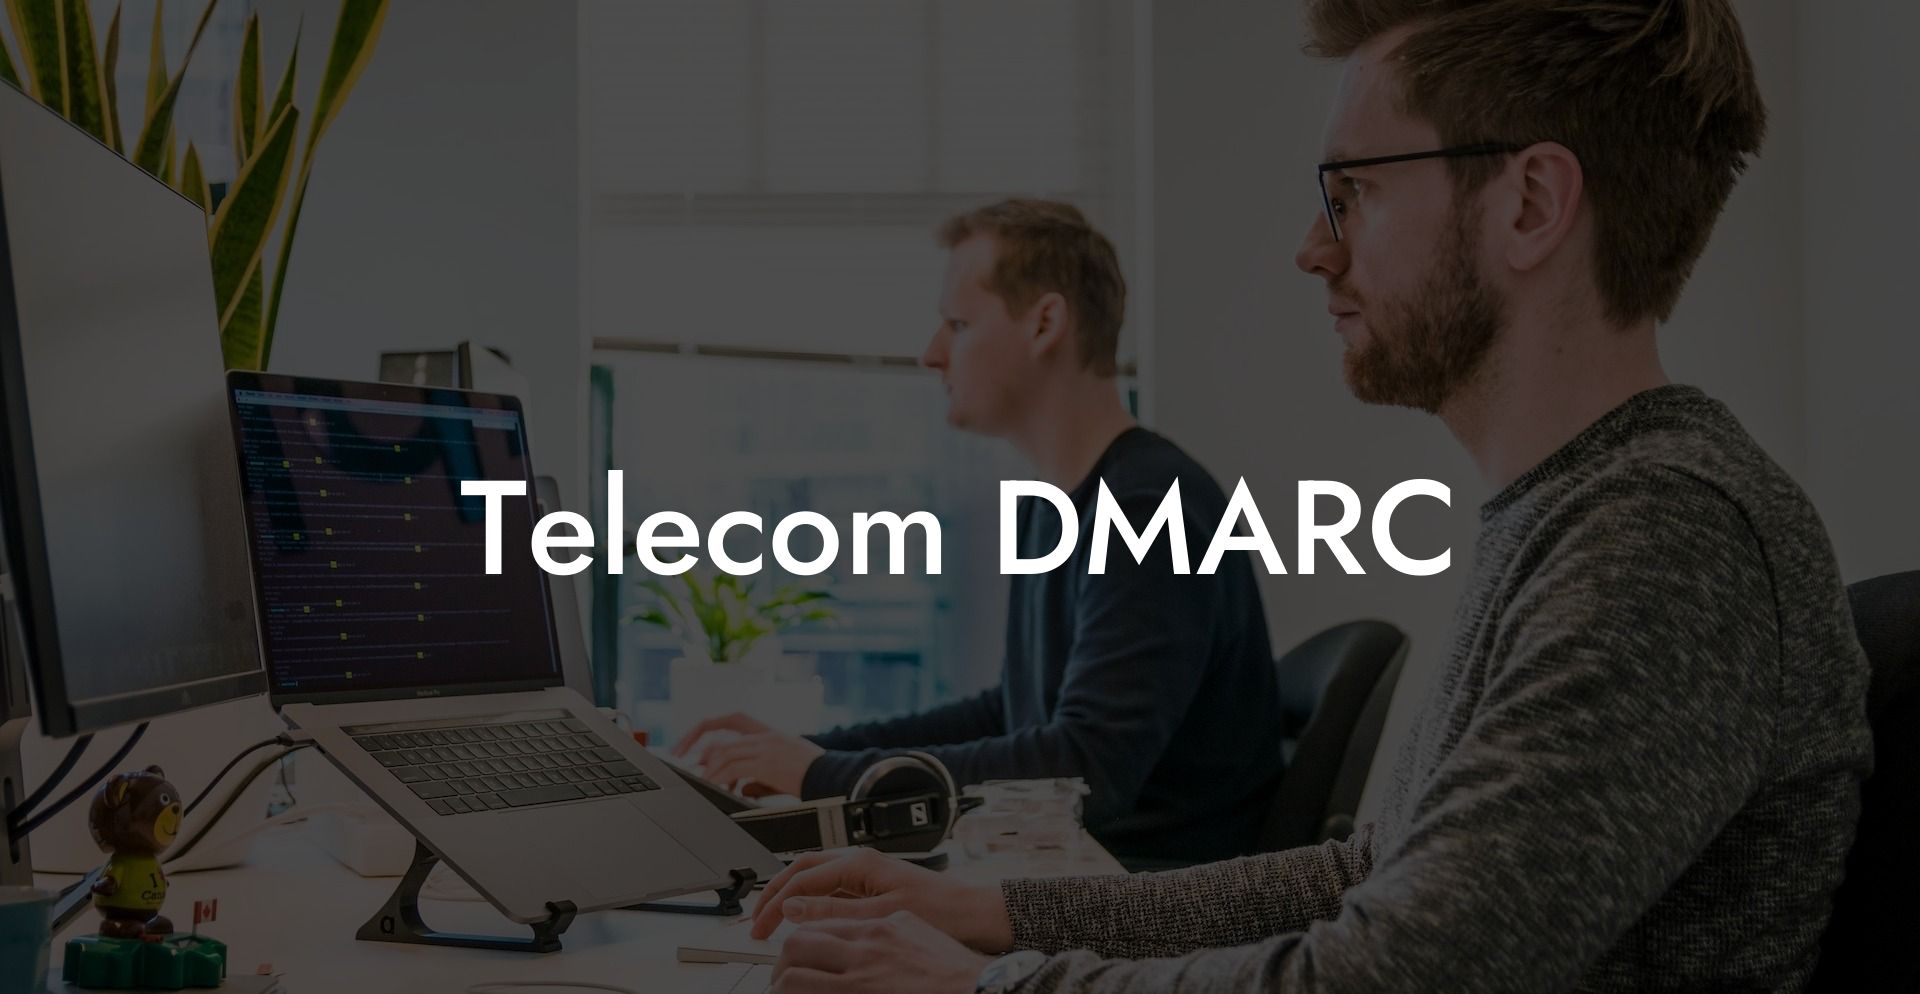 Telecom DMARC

...

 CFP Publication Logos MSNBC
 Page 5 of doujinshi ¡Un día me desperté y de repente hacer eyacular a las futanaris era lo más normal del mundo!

- Try it -
Please output the lines of the listing above that fall in the stretch from the one with "CFP Publication Logos MSNBC" through the one with "Page 5 of doujinshi", exactly and only those.

- Output of the task -
 CFP Publication Logos MSNBC
 Page 5 of doujinshi ¡Un día me desperté y de repente hacer eyacular a las futanaris era lo más normal del mundo!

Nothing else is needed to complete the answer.